### Input data
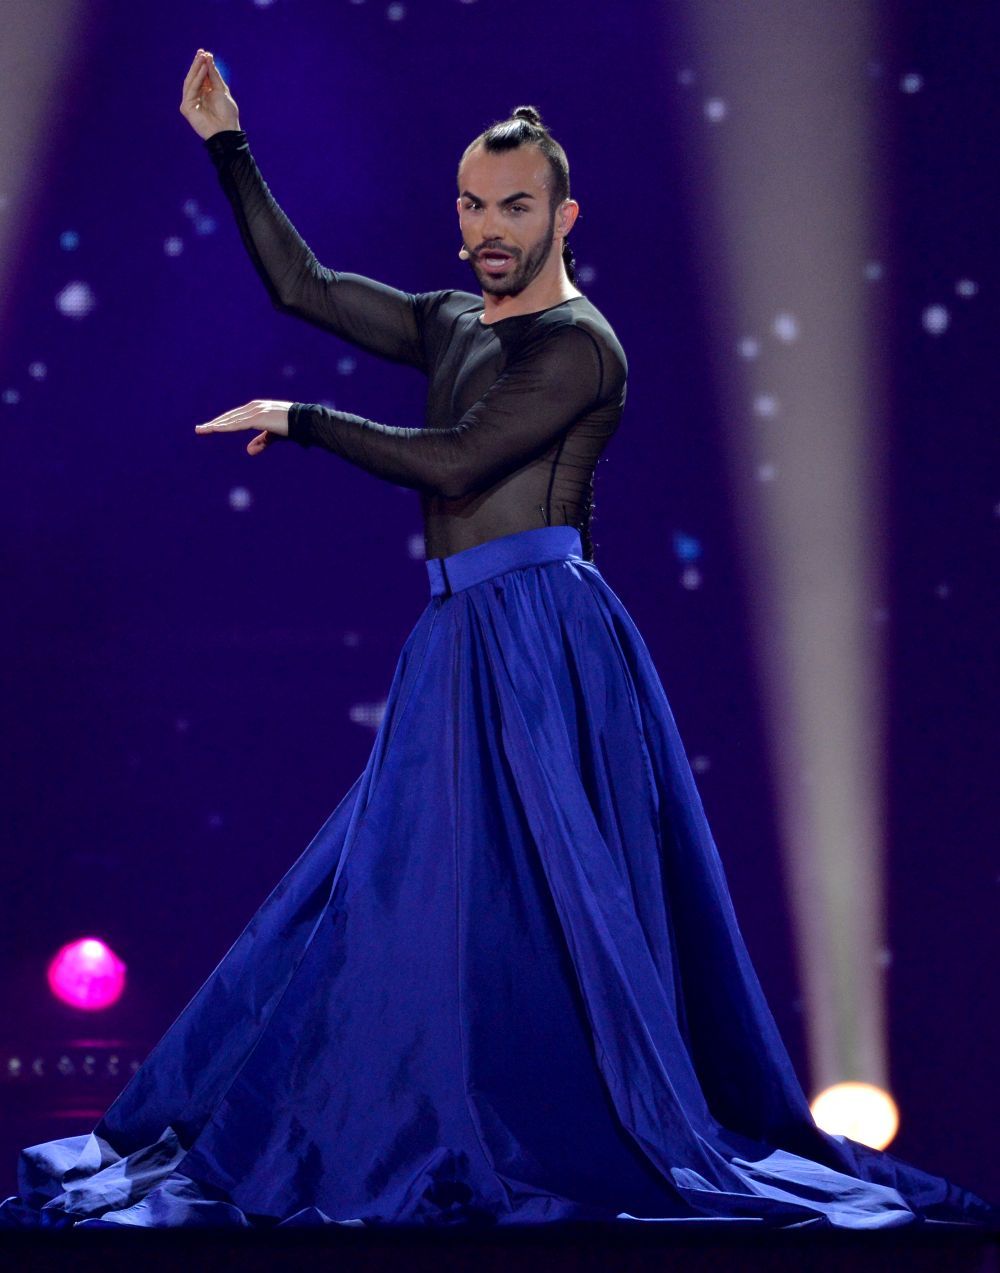 El este noua Conchita de la Eurovision. Reprezentantul din Muntenegru a facut furori intr-o fusta spectaculoasa
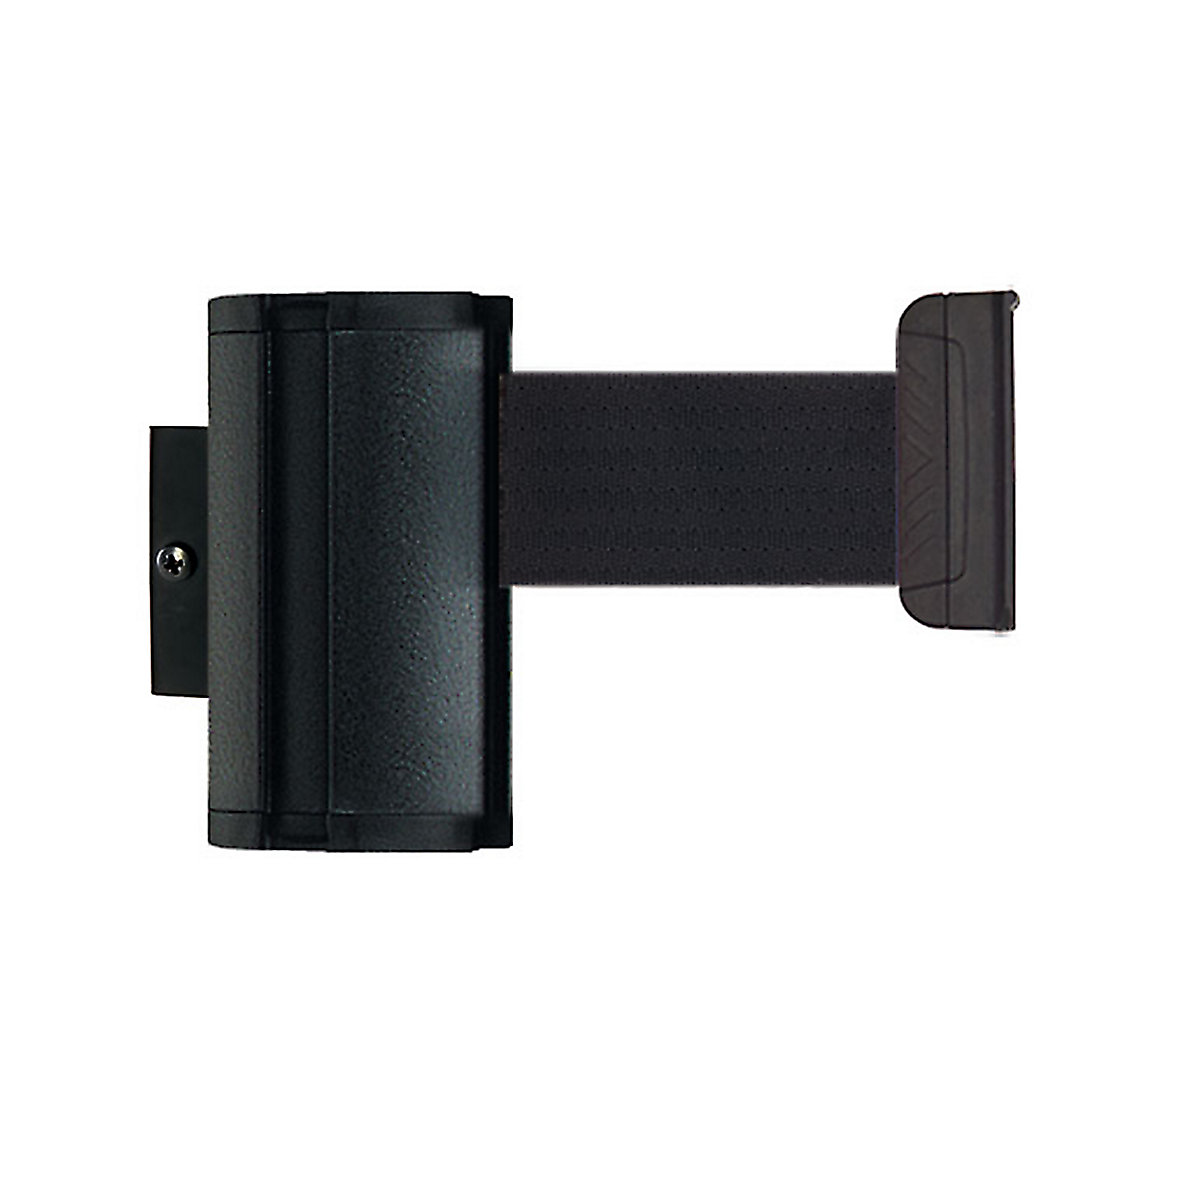 Cassete de cinta Wall Mount, extração máx. da cinta 3700 mm, cor da cinta preto-6
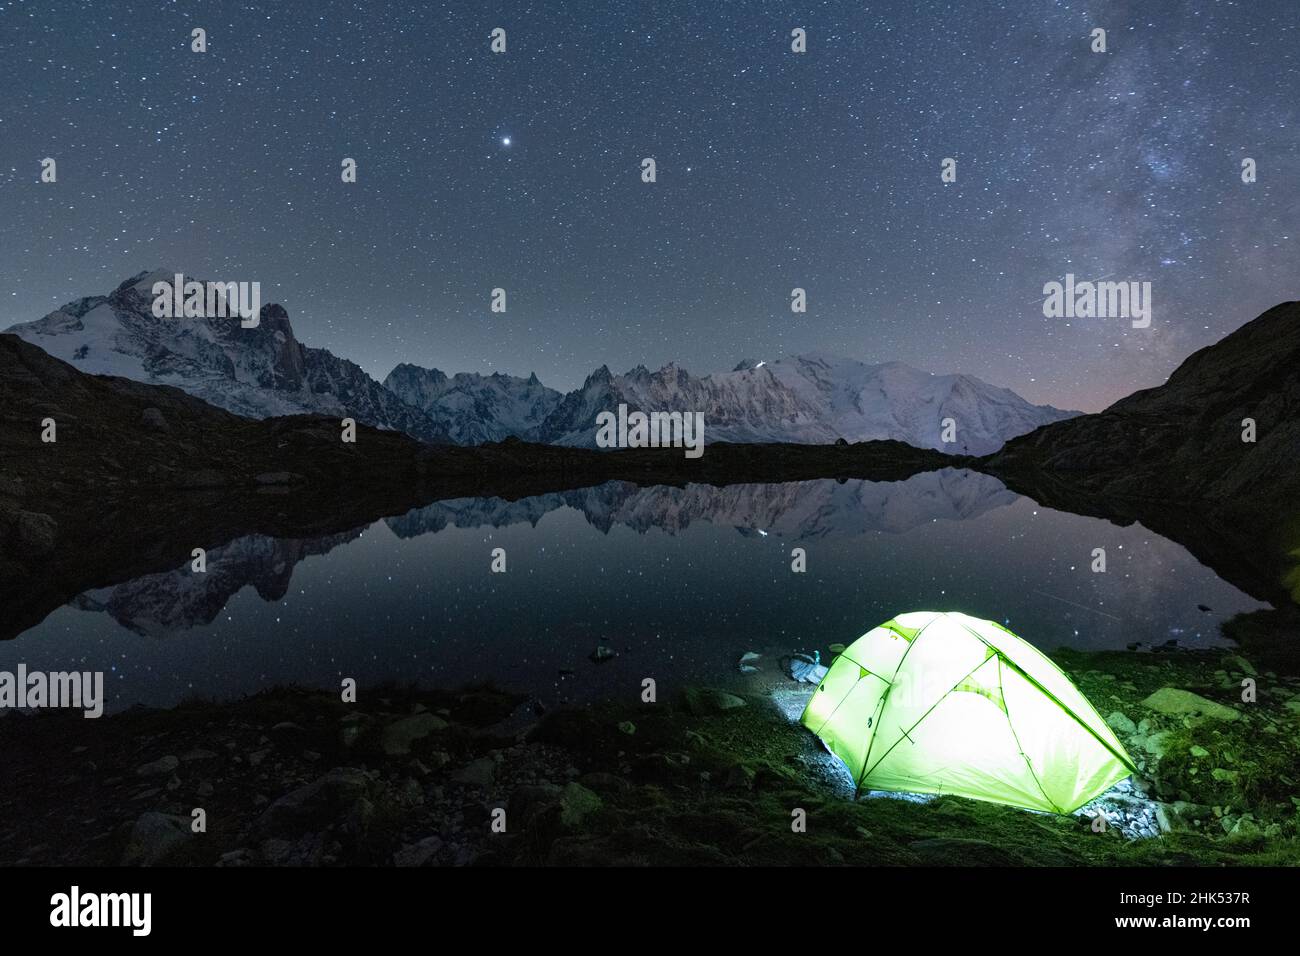 Leuchtendes Zelt unter den Sternen bei Lacs des Cheserys mit Mont Blanc-Massiv im Wasser, Chamonix, Haute Savoie, Französische Alpen, Frankreich, Europa Stockfoto
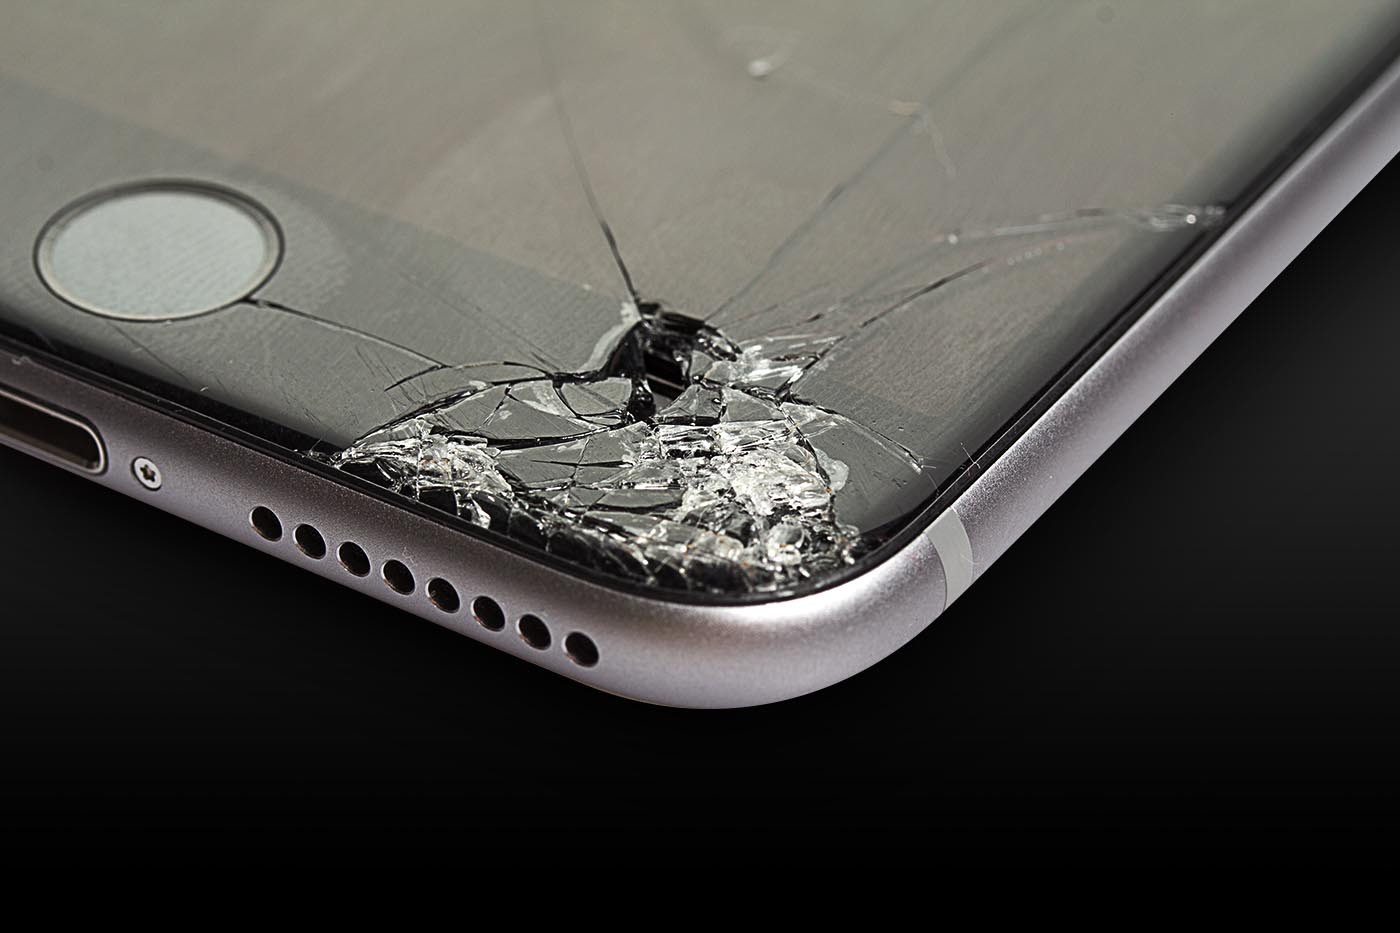 Apple aceptará iPhones rotos en sus programas de intercambio

### Assignment
Copy the material above in full and exactly, skipping pictures.

### Response area
 El este noua Conchita de la Eurovision. Reprezentantul din Muntenegru a facut furori intr-o fusta spectaculoasa
 Cassete de cinta Wall Mount, extração máx. da cinta 3700 mm, cor da cinta preto-6
 Leuchtendes Zelt unter den Sternen bei Lacs des Cheserys mit Mont Blanc-Massiv im Wasser, Chamonix, Haute Savoie, Französische Alpen, Frankreich, Europa Stockfoto
 Apple aceptará iPhones rotos en sus programas de intercambio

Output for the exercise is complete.